Oh Señor lleno de gracia, ahora Te suplico,
Guíame en cada etapa;
Apóyame y fortaléceme para atravesar
Esta era tenebrosa y maligna.
El mundo, la carne, y Satanás también,
Tientan tanto a mi alma;
Sin Tu amor y poder que fortalecen
Puedo perder Tu nombre
.
El tiempo, querido Señor, se acorta;
Libera mi alma de lo terrenal.
Cuando vengas, cantaré con alegría,
¡Aleluya a Ti!
A la semana siguiente comenzaron las personas a ser salvas

El hermano Weigh, quien era mi compañero de clase, puede testificar que hasta ese momento yo había sido muy exigente en mi forma de vestir. Solía llevar una túnica de seda con puntos rojos; pero aquel día me deshice de mi ropa fina y mis zapatos elegantes. Fabriqué engrudo en la cocina, y recogiendo un montón de carteles con mensajes evangélicos, salí a la calle a pegarlos en las paredes y a repartir folletos cristianos. En aquellos días en Fuchow, provincia de Fukien, esto era un acto muy radical.

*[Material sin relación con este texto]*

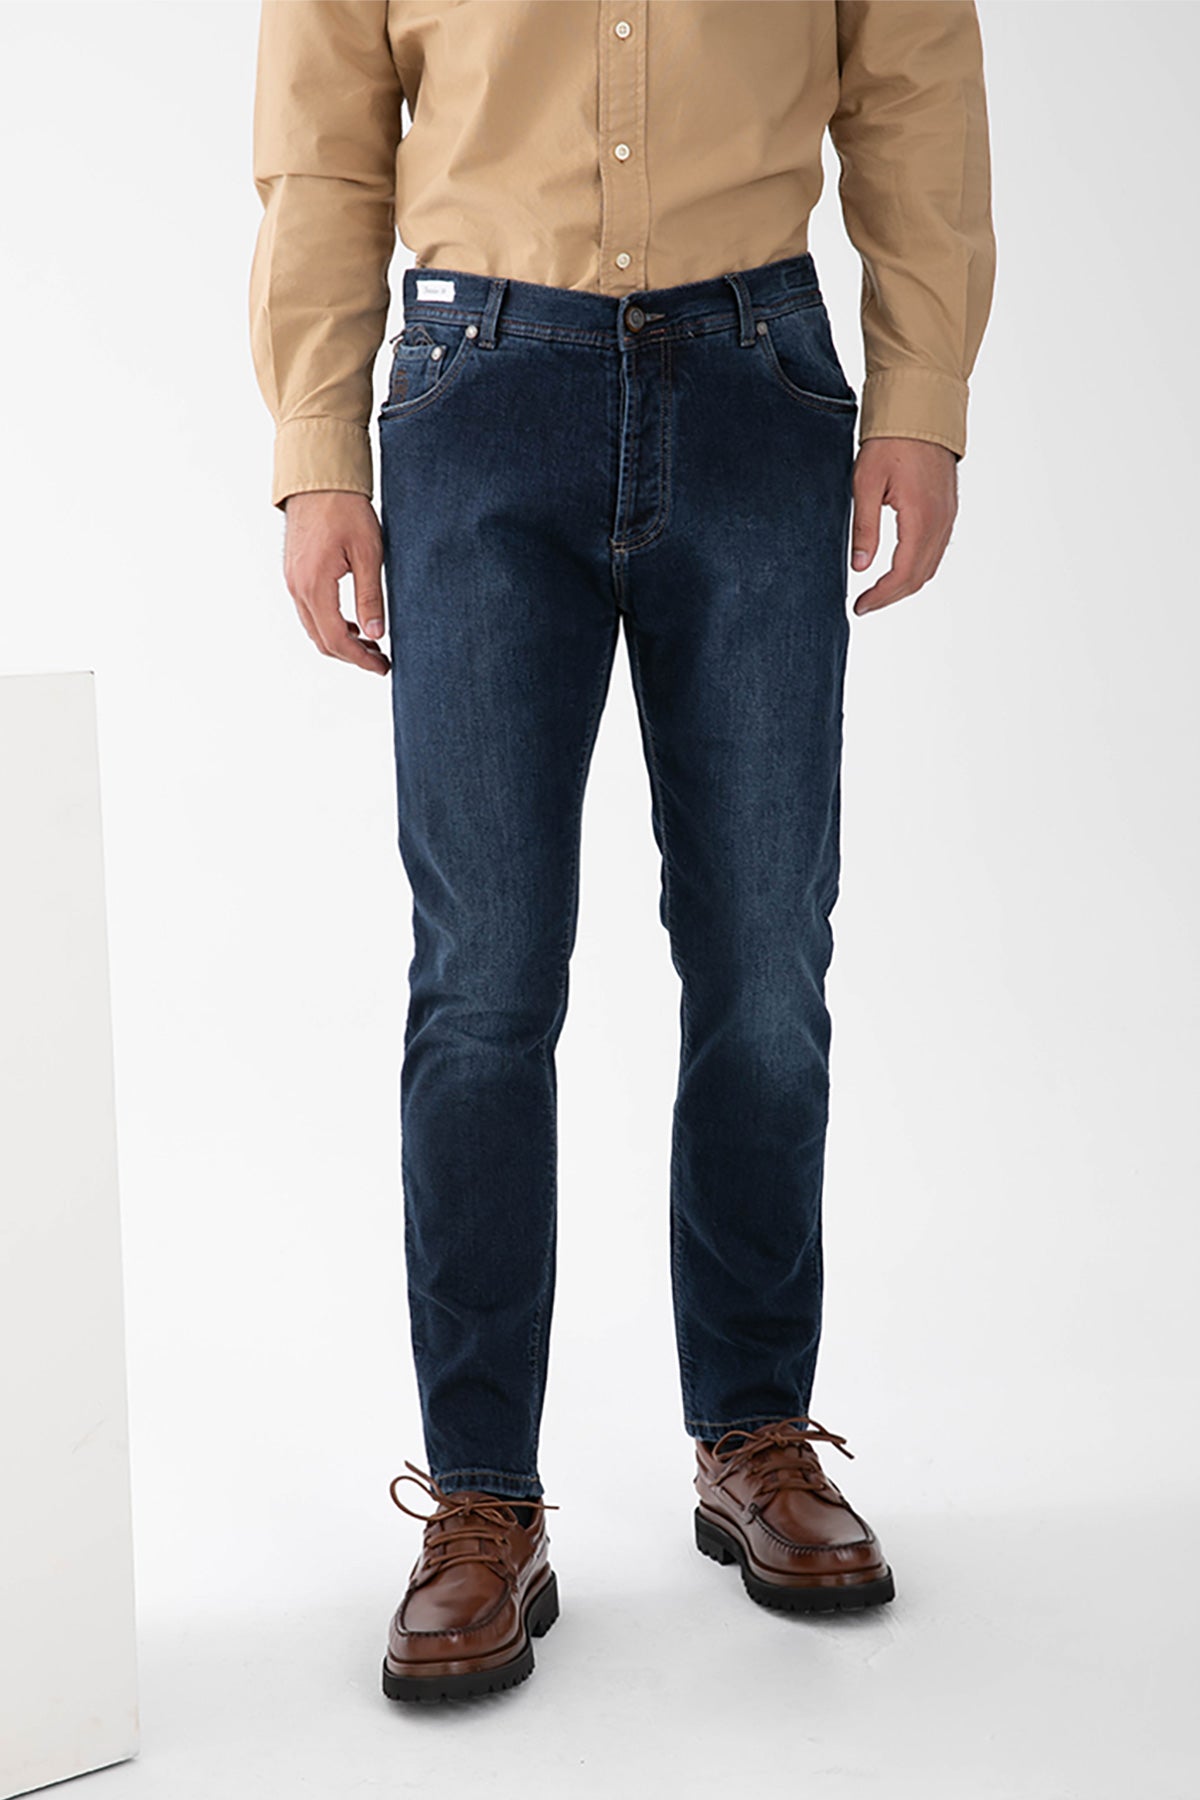 Richard J. Brown Hanoi Yüksek Bel Slim Regular Fit Jeans-Libas Trendy Fashion Store
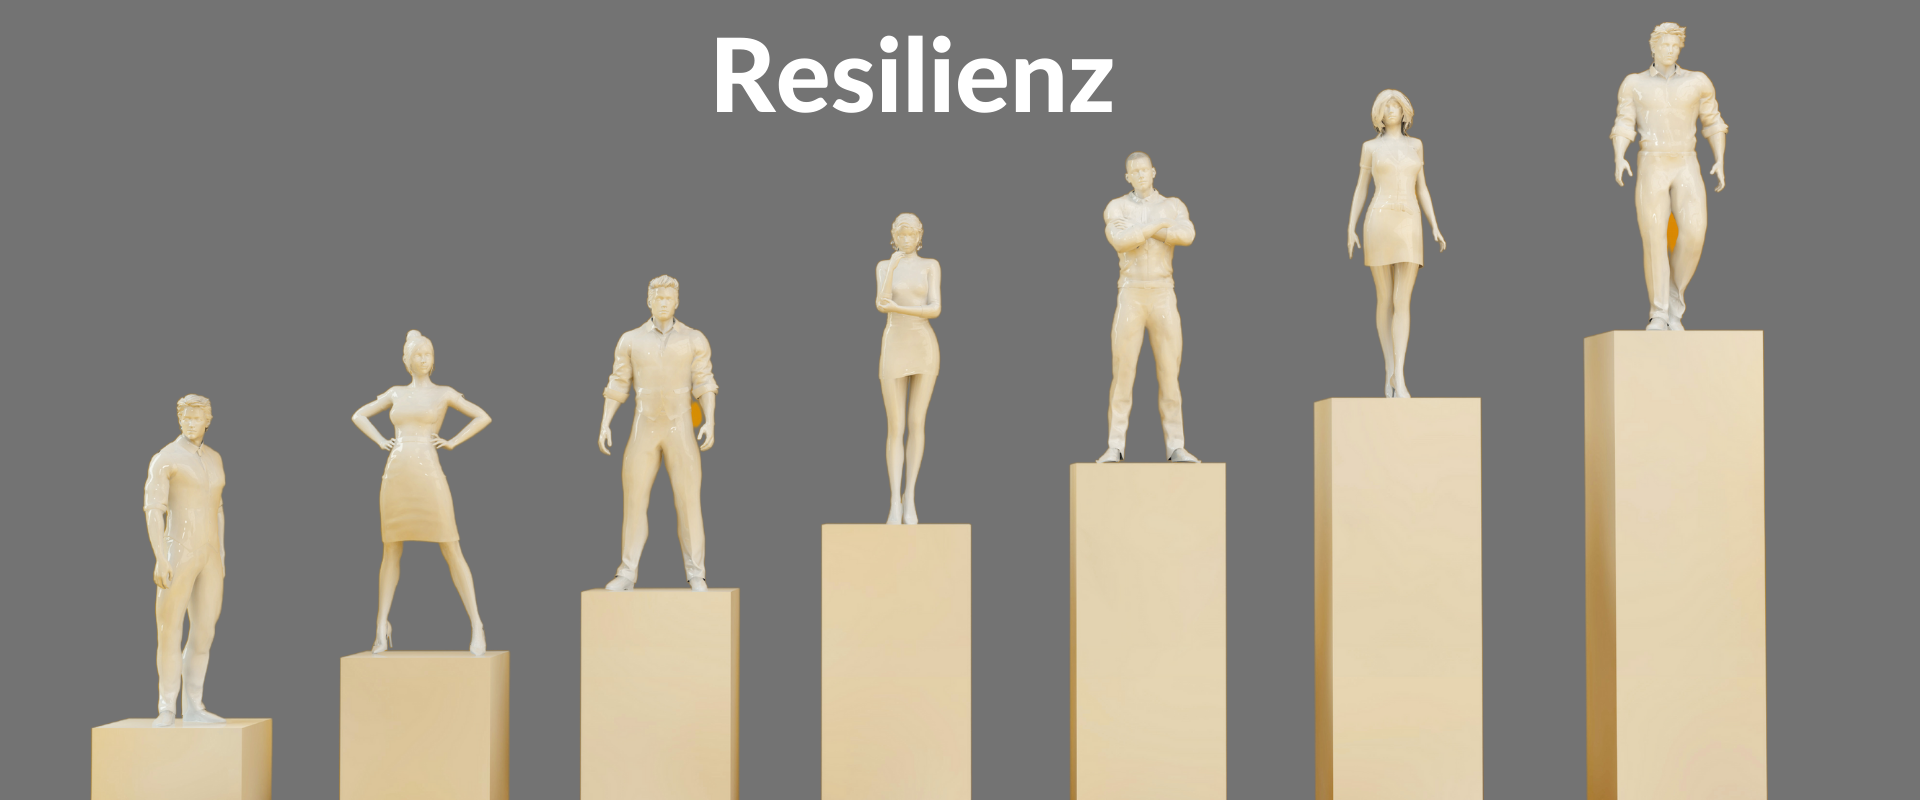 Die 7 Säulen der Resilienz - das Modell

Comencé a extender el evangelio a partir de mi segundo semestre en la universidad en 1922, y muchos de mis compañeros de clase fueron salvos. Oraba diariamente por aquellos que había anotado en mi cuaderno. A partir de 1923 comenzamos a alquilar o a pedir prestados salones con el fin de extender la obra evangelizadora. Centenares de personas fueron salvas en aquel tiempo. De la lista que tenía en mi cuaderno, sólo uno no fue salvo. Esto es evidencia de que Dios escucha tales oraciones. El desea que oremos primero por los pecadores que deseamos que sean salvos. En esos pocos años hubo muchas oportunidades en las que comprobamos este hecho.